Saturday, 22 January 2011

Its all about bikes

Donated Bikes
So far this year we have had 2 folding bikes, A Lenton Sport from the 1950's, a Raleigh Supreme, another Raleigh gents bike from the 1970s, a good BMX, a shaft drive bike, a Trek and a Bob Jackson.  Not to mention other assorted items and spares.  Unfortunately the Lenton Sport has a serious crack at the bottom of the seat tube which is a shame as its probably 531.  The Bob Jackson is in excellent condition frame and paint work and is 531c.  Here's a picture

This is a beauty but presents a problem, what do you do with it?

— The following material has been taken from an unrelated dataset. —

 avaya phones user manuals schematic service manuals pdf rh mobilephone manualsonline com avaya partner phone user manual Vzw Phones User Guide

Rebuilding as originally specified with 14 speed would not make a desirable bike.  Putting a triple speed chain ring at the front is OK but this frame begs for something special.  A single speed or fixie is possible but for a good job would cost around £150  to £200 in parts if the wheels are included.  This makes the final price £300+ and a limited market.

It may be better to sell the frame and with the money buy a new stand.  What a choice.

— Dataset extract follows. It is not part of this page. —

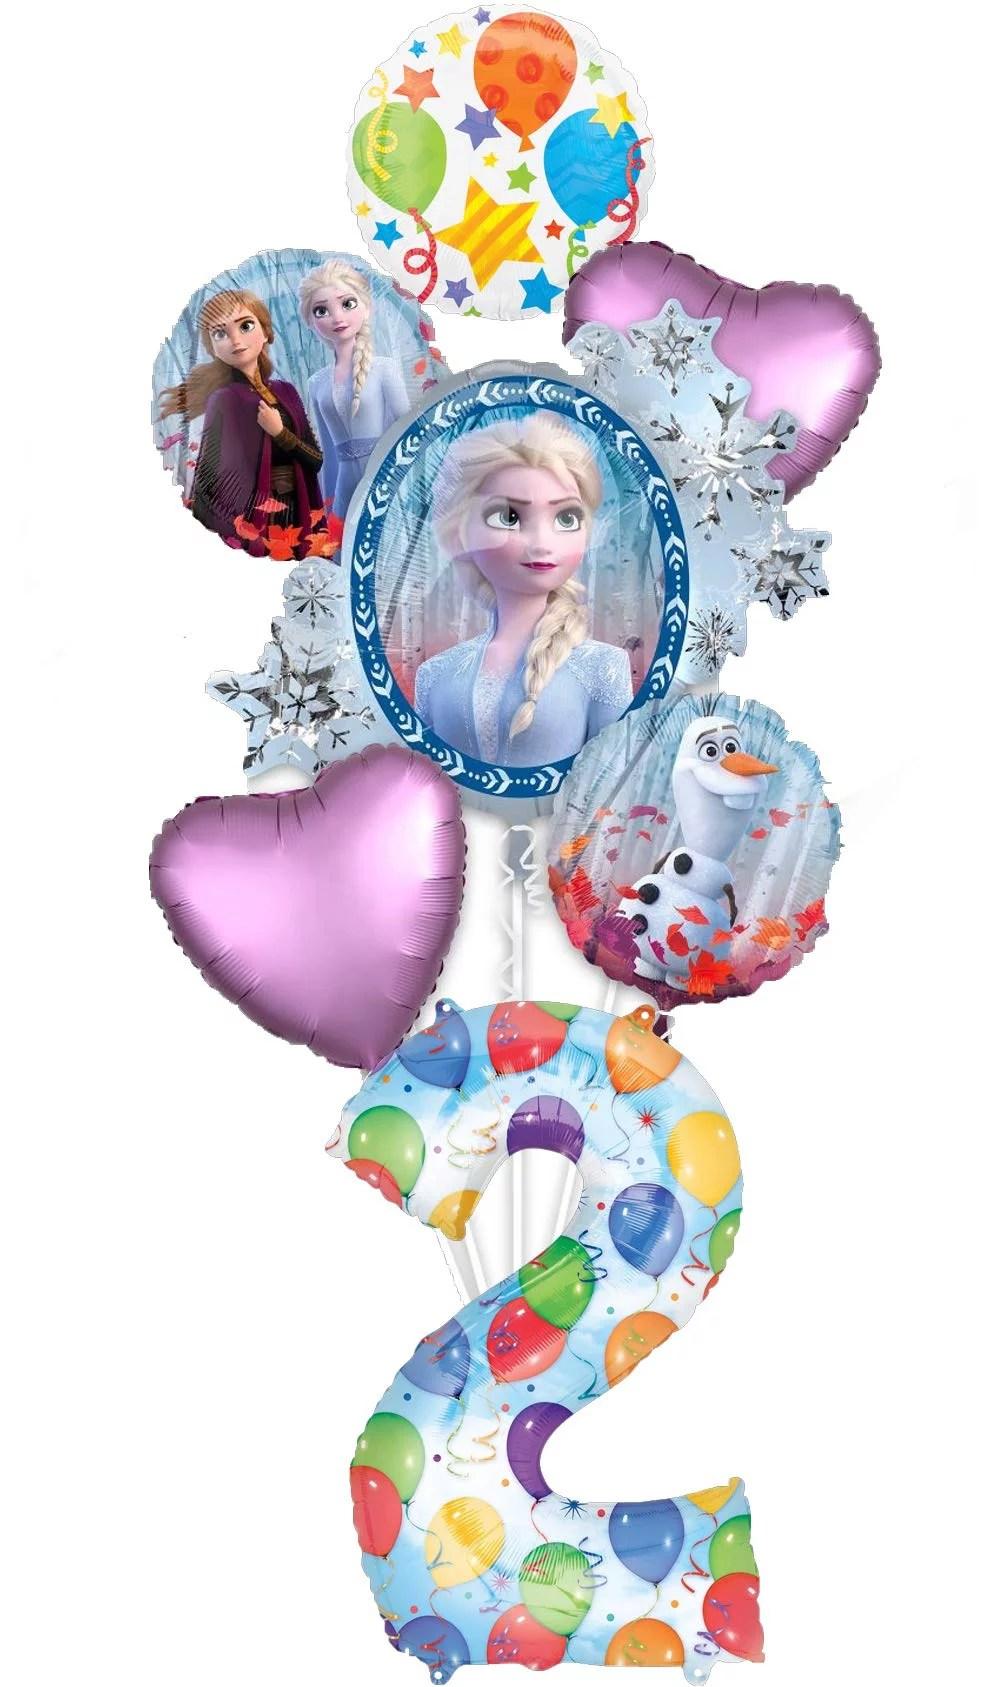 Frozen 2 Party Supplies 2nd Birthday Elsa Anna And Olaf Balloon Bouquet Decorations Walmart Com Walmart Com

It's heartening to have had a number of people through the door wanting  their bikes serviced.  The cold weather and snow takes its toll on chains and sprockets.  The dark morning means that there is little day light time for bike maintenance.  There have been one or two bikes with chains that can flex a full circle.  We are busy and I hope it will stay that way. 

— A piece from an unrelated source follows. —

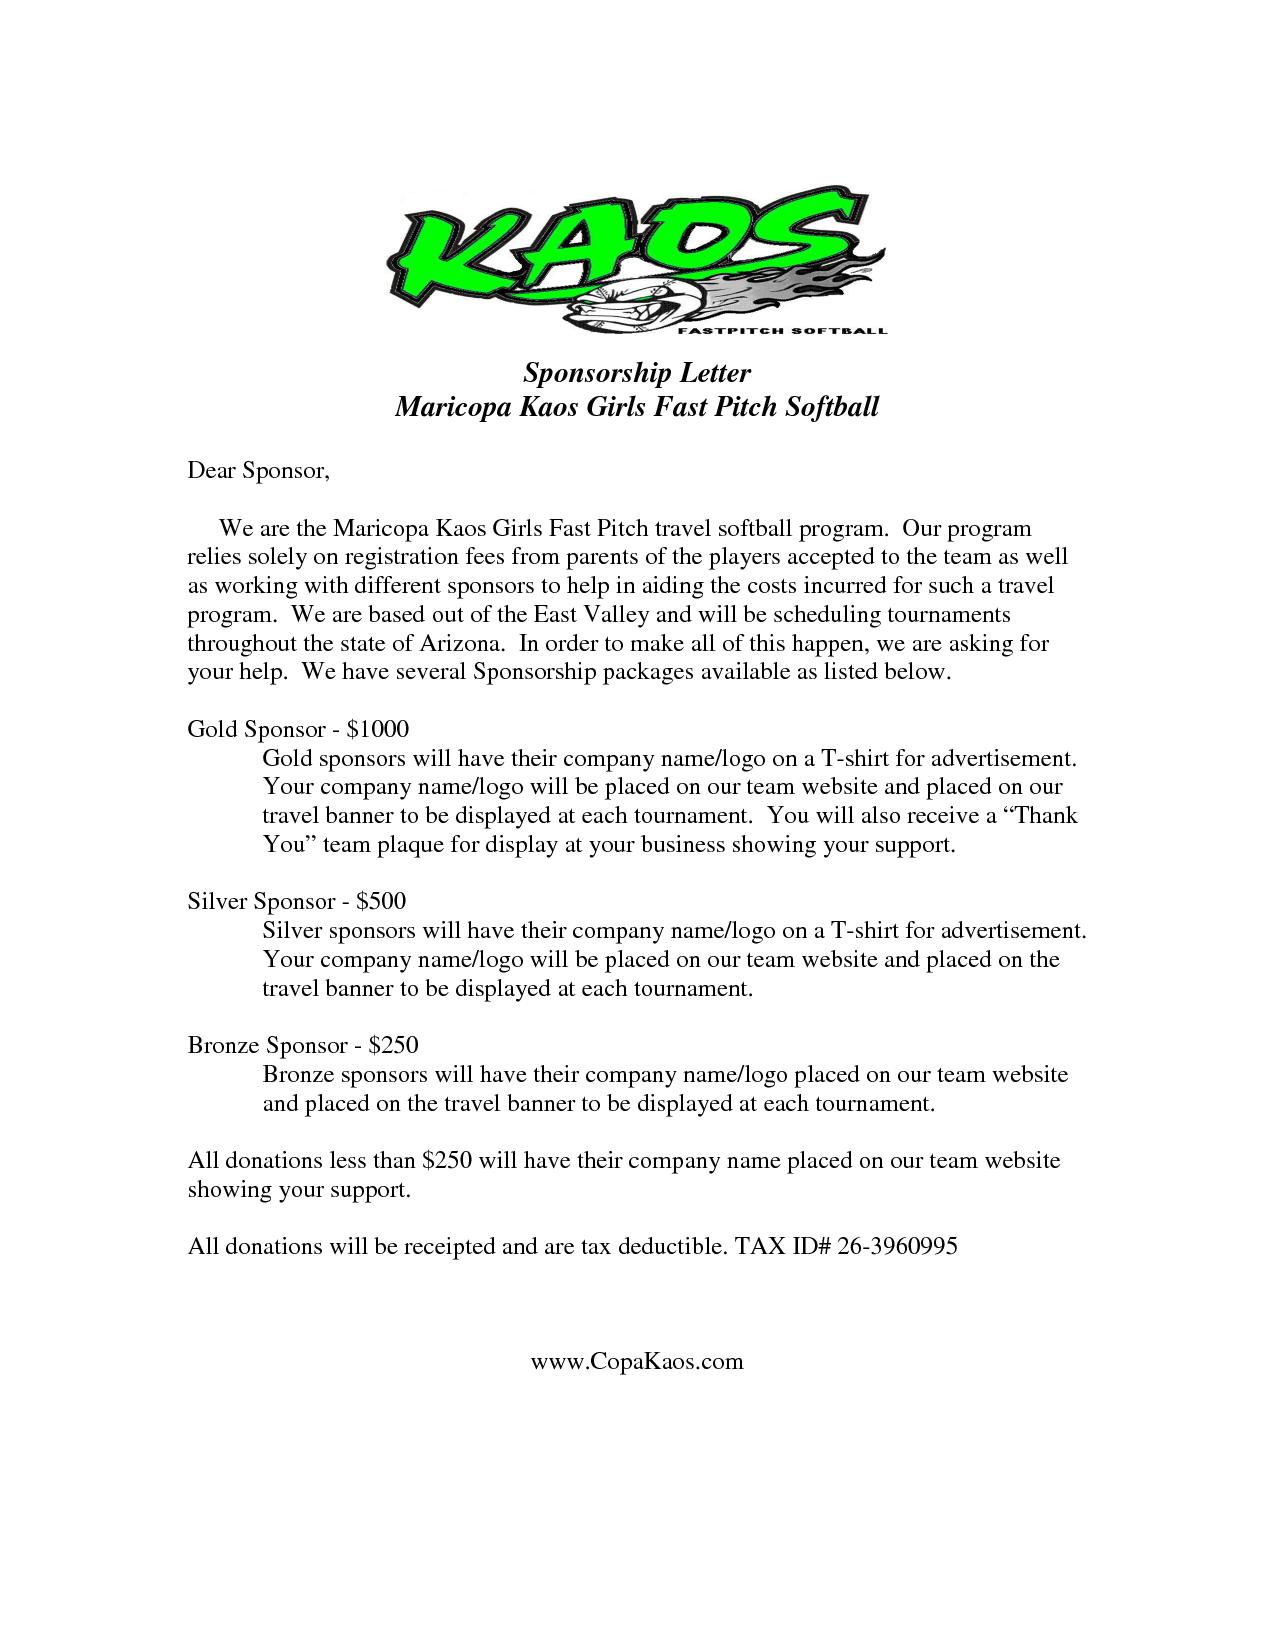 School Sponsorship Letter Template - Image Result for Sample Sponsor Request Letter Donation

The Meditation of Wheel Building

About a year ago I started building bicycle wheels seriously as part of the Spindles project.  I had built a wheel about 3 years ago for my own bike which was a very unsatisfactory process as I didn't have the correct length spokes and so had to cut my existing spokes to length.   Since last year I've probably build about 16 wheels and so become somewhat more than a novice.  I found that there are three very important aspects to wheel building: getting the right length spokes, gradually increasing the tension and awareness.

The right length spokes.
I have used a number of the web based spoke length calculators but the best one for me is Sapim as its very clear as to what should be measured and seems to give the right answer.  I don't like the calculators where there is a drop down list of hubs or rims as the one I want is usually not there.  I can use a vernier calliper (at least an electronic one) and have a steel 650mm rule to get the measurements required by the site.  I've used DT spokes but have also started using Alpina plain gauge stainless steel as they come in boxes of 144 for about £20.  I have a box of blue nipples that provides a single marker spoke for each wheel that I'm building this year.  This is a trick I picked up from reading 'Its all about the bike' by Robert Penn.

Increasing the Tension 
Many words have been written about the number of turns to apply when threading nipples onto spokes during the lacing process.  I have found that to start, just screw the nipple up with fingers so that it's edge is just hiding the end of the thread is sufficient.  When lacing the alternate direction spokes, if there is tension building in the wheel then slacken off the other spokes with a couple of turns.  The aim is to have almost no tension in the spokes after it has been laced but all the nipples are at the same number of turns (assuming the rim is new and round).  Hopefully this gets the radial position even and no 'judder' up or down as well as lateral evenness.  At this point start to evenly increase the tension on each of the spokes using the 'key' spoke as a guide.  The best spoke keys are produced by Park.

The most important aspect of wheel building is being focused on what is happening.  Don't try to lace too quickly as mistakes are time consuming to rectify.  Go at a pace that allows the mind's attention to easily follow.  Don't listen to music or get distracted, just stay with the building of the wheel.   Focusing the mind is the most difficult thing but can also be the most rewarding.  Building wheels is almost a meditation practice: as the tension in the spokes is slowly built in the wheels so the tensions in the mind are released.  Before you know it the wheel is built.

Tuesday, 4 January 2011

Spindles in 2011

Saturday the 8th Januay is our first open day at the Pound Arts Centre in Corsham.  We have a number of new road and mountain bikes that are close to completion as well as the Cargo Carrier Bike that a friend in Biddeston is currently constructing.

On the agenda for 2011

We hope to do a newsletter for Katherine Park that will identify safe cycle routes into Corsham town.

Start a Wheel Building Service.

Promote the project in local magazines.

Find things to do with old tyres and inner tubes.